From: Stathis Papaioannou <stathispapaioannou.domain.name.hidden>
Date: Wed, 27 Dec 2006 20:01:30 +1100

Tom Caylor writes (in response to Marvin Minsky):

> Regarding Stathis' question to you about truth, your calling the idea
> of believing unsound seems to imply that you are assuming that there is
> no truth that we can discover. But on the other hand, if there is no
> discoverable truth, then how can we know that something, like the
> existence of freedom of will, is false?
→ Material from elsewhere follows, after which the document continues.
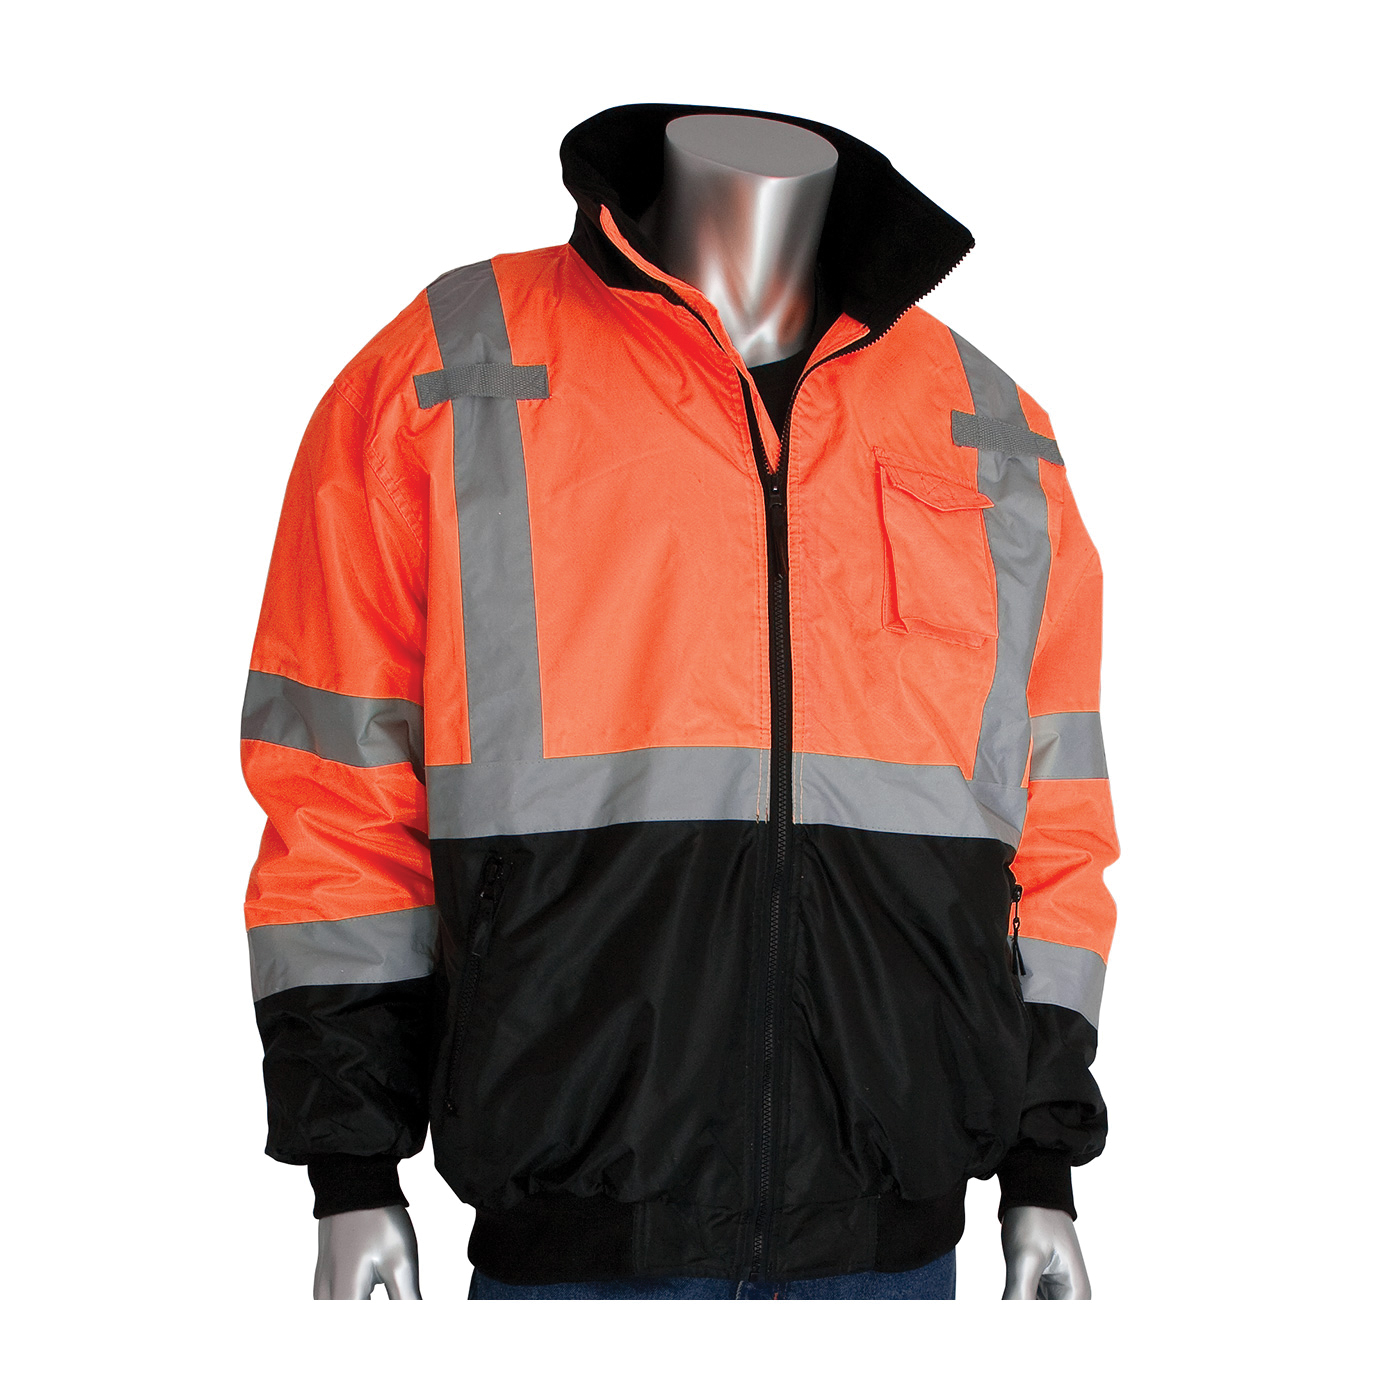 PIP® 333-1766-OR/L Bomber Jacket With Zip-Out Fleece Liner, Hi-Viz Orange, Polyester, 56 in Chest, Resists: Water, Specifications Met: ANSI 107 Class 3 Type R

That's easy: it's logically impossible. When I make a decision, although I take all
the evidence into account, and I know I am more likely to decide one way rather
than another due to my past experiences and due to the way my brain works,
ultimately I feel that I have the freedom to overcome these factors and decide
"freely". But neither do I feel that this free decision will be something random:
I'm not mentally tossing a coin, but choosing according to my beliefs and values.
Do you see the contradiction here? EITHER my decision is determined by my
past experiences, acquired beliefs and values etc., OR it is not, and if it is not,
it is by definition random and unpredictable. (You can also have random but with a
certain weighting according to determined factors, like a weighted roulette wheel,
but that is a variation on random.) So my feeling that my free will is nother has to
be wrong. Still, I'm very attached to that feeling, just as I'm very attached to
certain moral values, and life itself, despite knowing that these are ultimately
meaningless.

> However, the belief in freedom of will seems to be a belief that is
> rather constant, so there seem to be some beliefs that provide evidence
> for an invariant reality and truth, not necessarily freedom of will,
> but something. And I think that looking for ultimate sources would be
> circular (as you've said on the Atheist List) only if there were no
> ultimate source that we could find. Do you agree with this statement?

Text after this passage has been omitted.